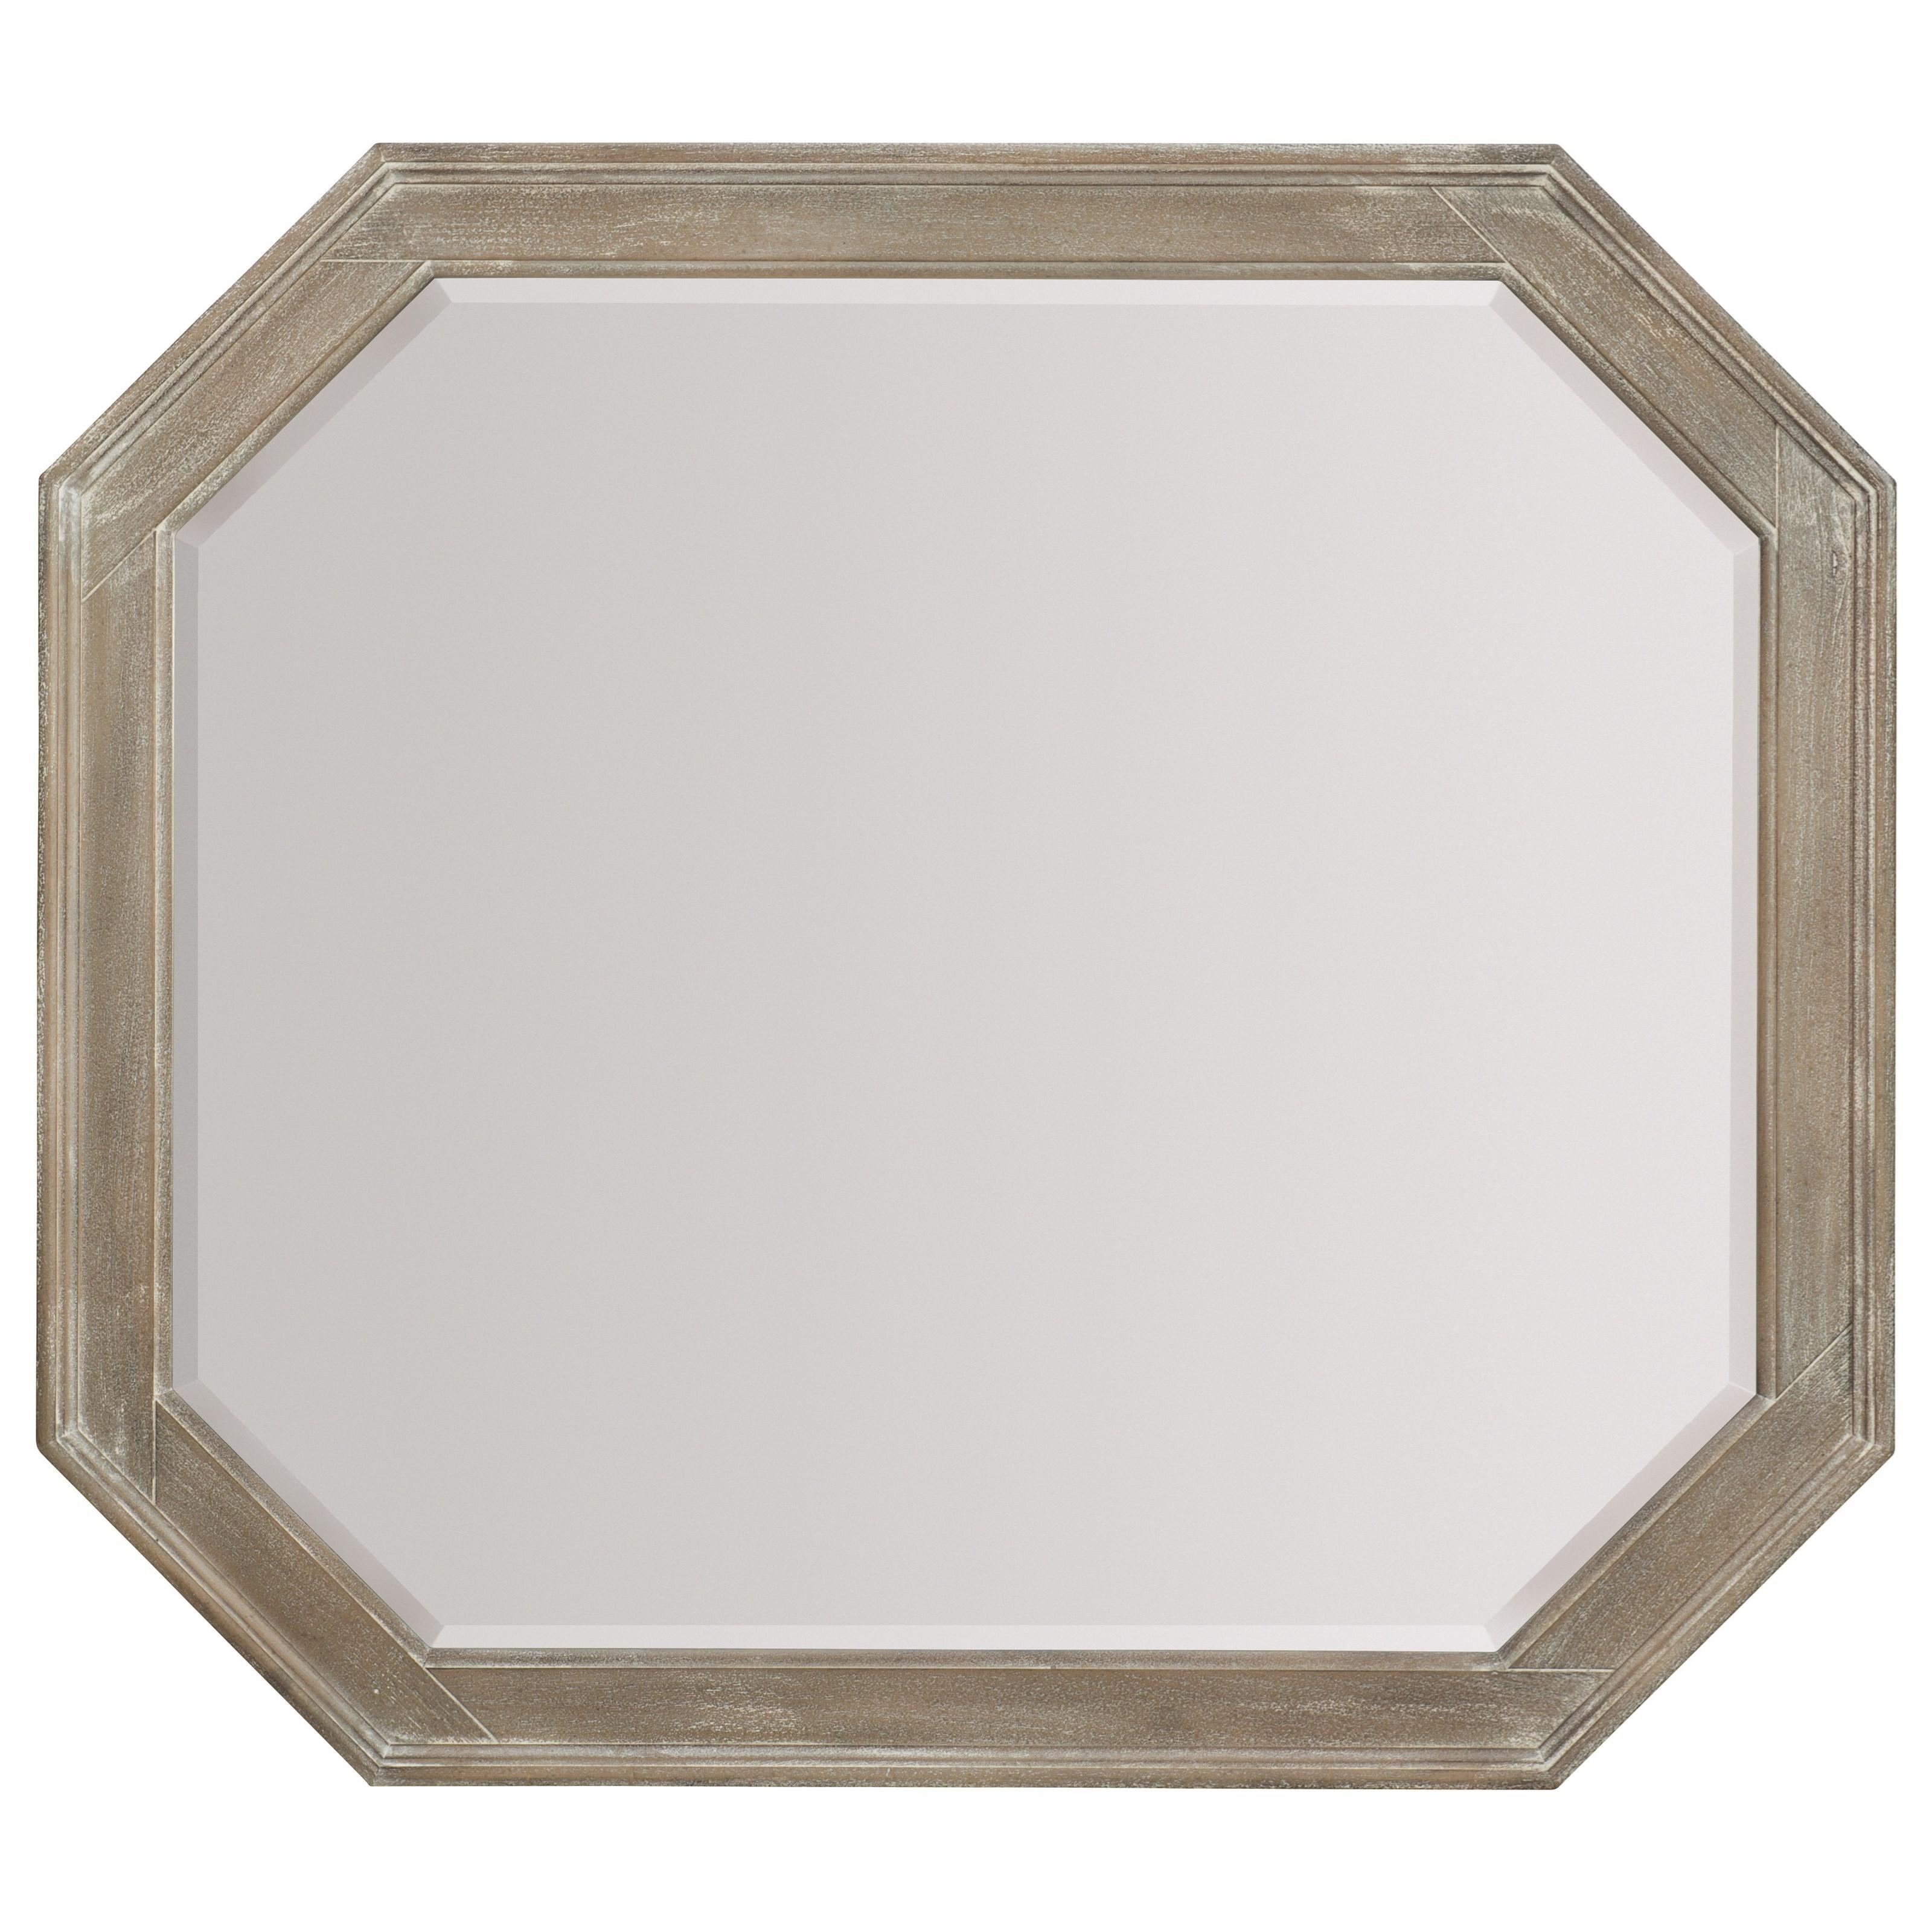 Hooker Furniture Pacifica Octagonal Mirror - Item Number: 6075-90007-LTWD
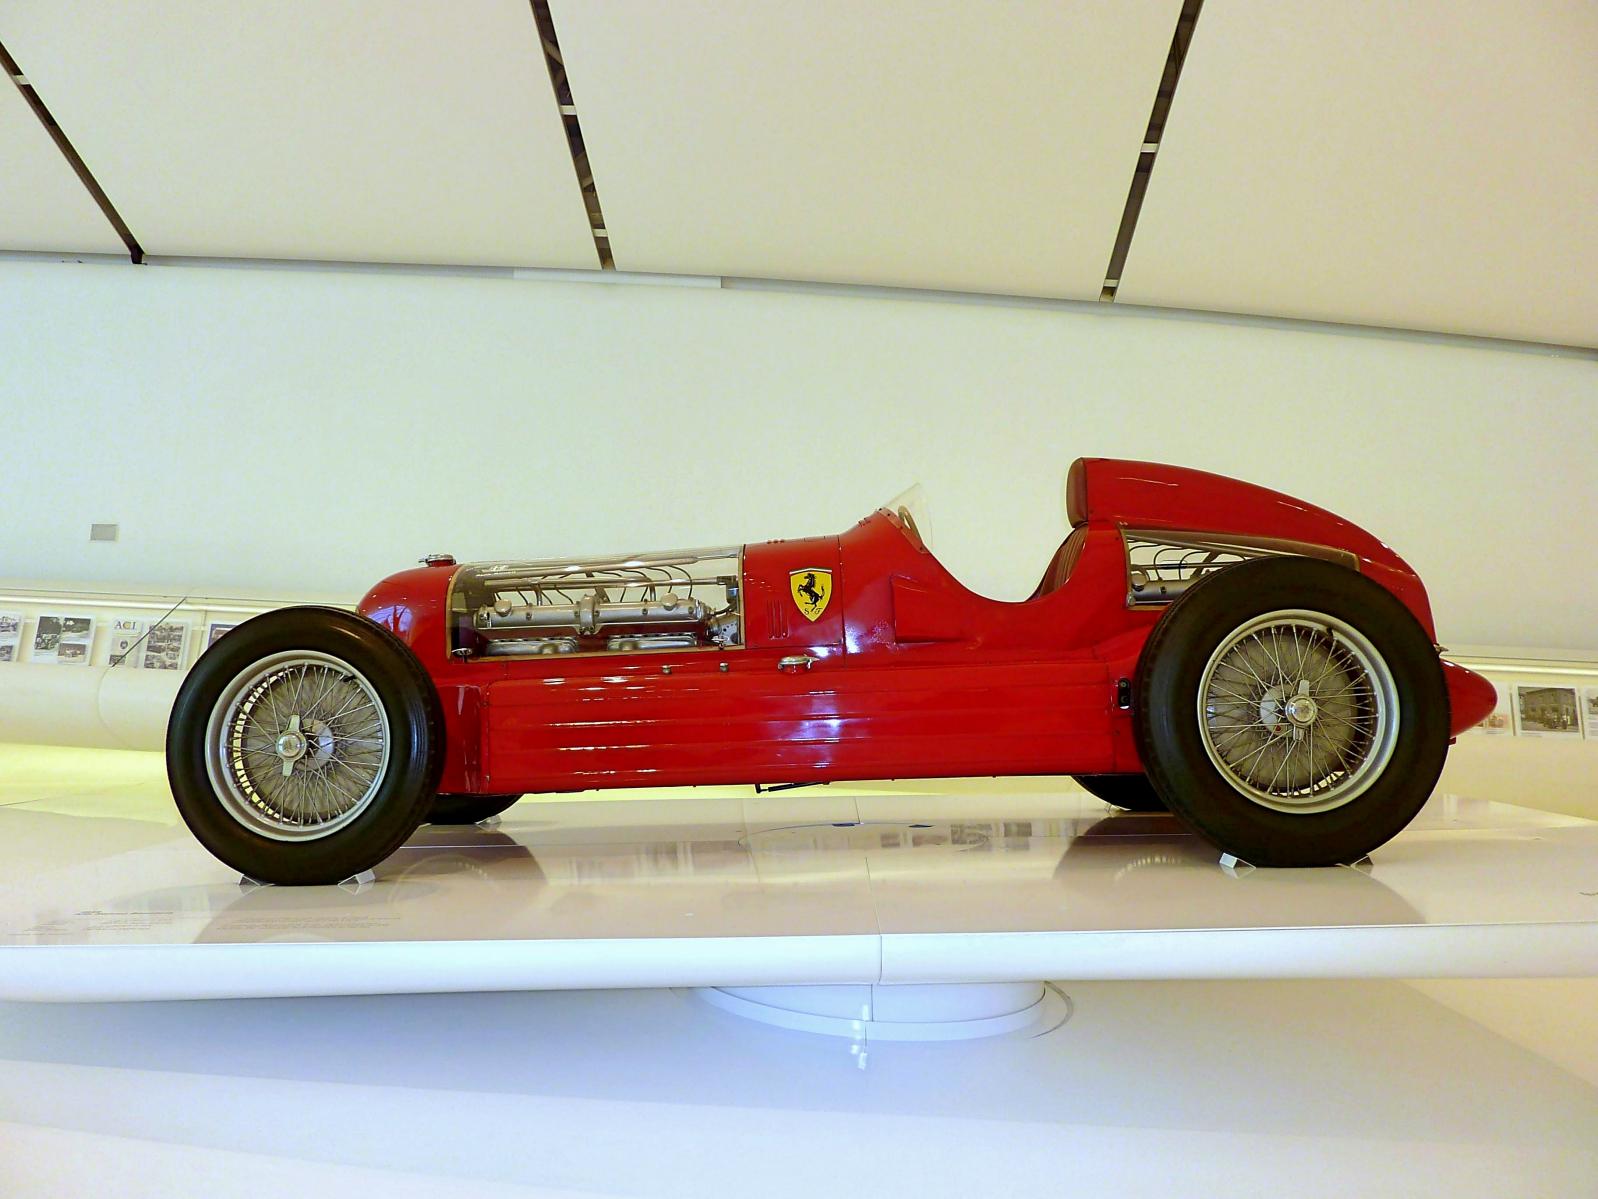 1935 Alfa Romeo 16C Bimotore (4)
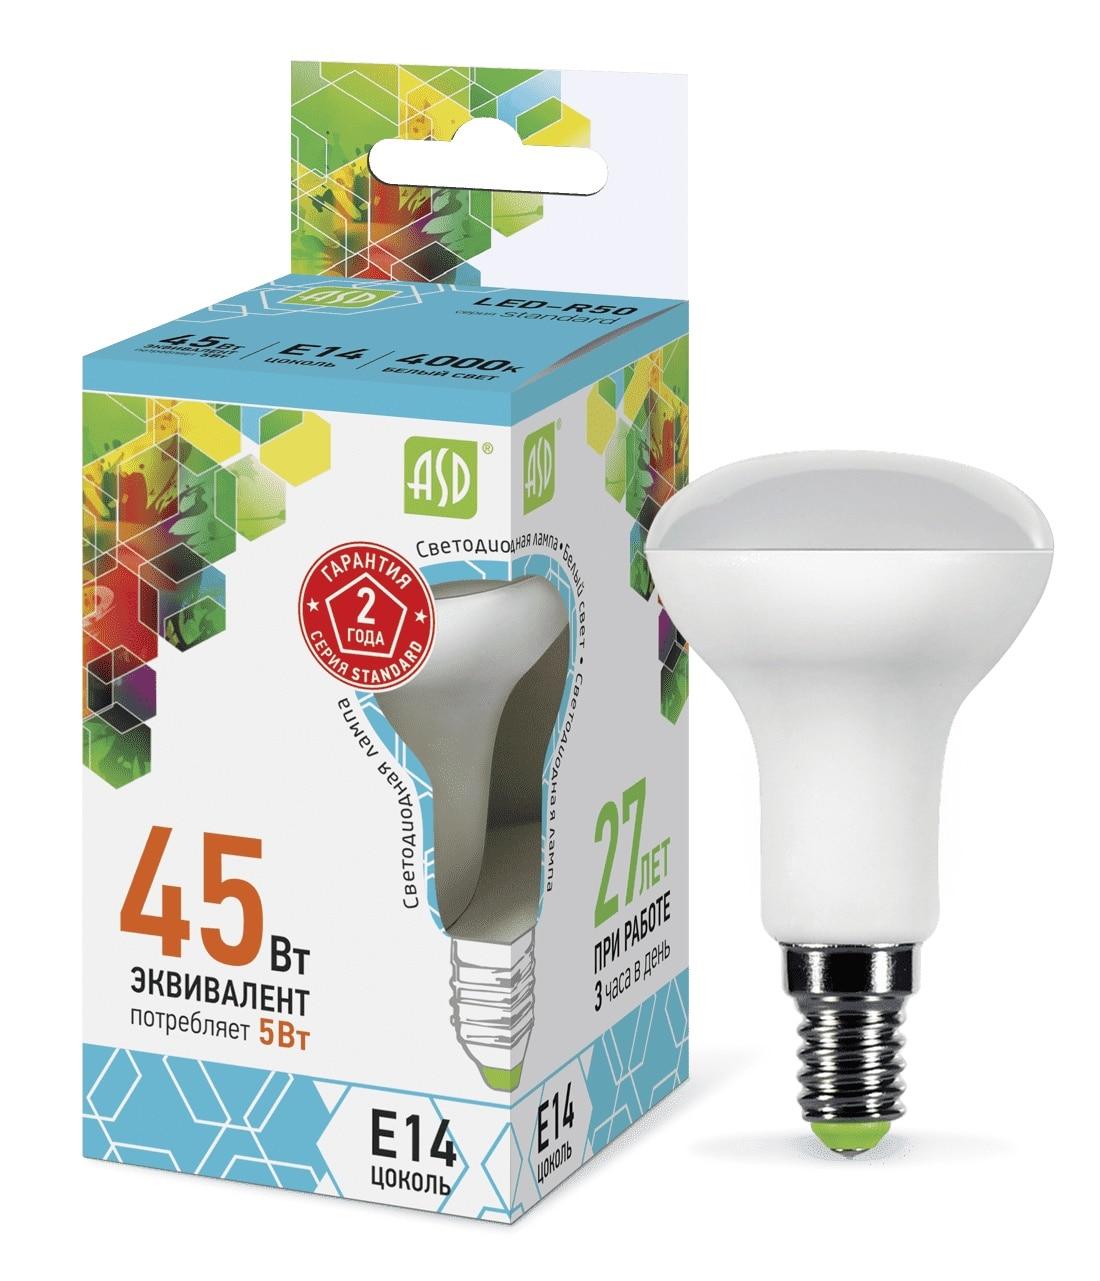 Lamp Led Led-r50-standard 5w 160-260v E14 4000 K 450lm ASD 4690612001517
#####
WHAT THE EXERCISE ASKS — Without altering anything, output all the lines above but none of the images.

SOLUTION BELOW —
 Hooker Furniture Pacifica Octagonal Mirror - Item Number: 6075-90007-LTWD
 1935 Alfa Romeo 16C Bimotore (4)
 Lamp Led Led-r50-standard 5w 160-260v E14 4000 K 450lm ASD 4690612001517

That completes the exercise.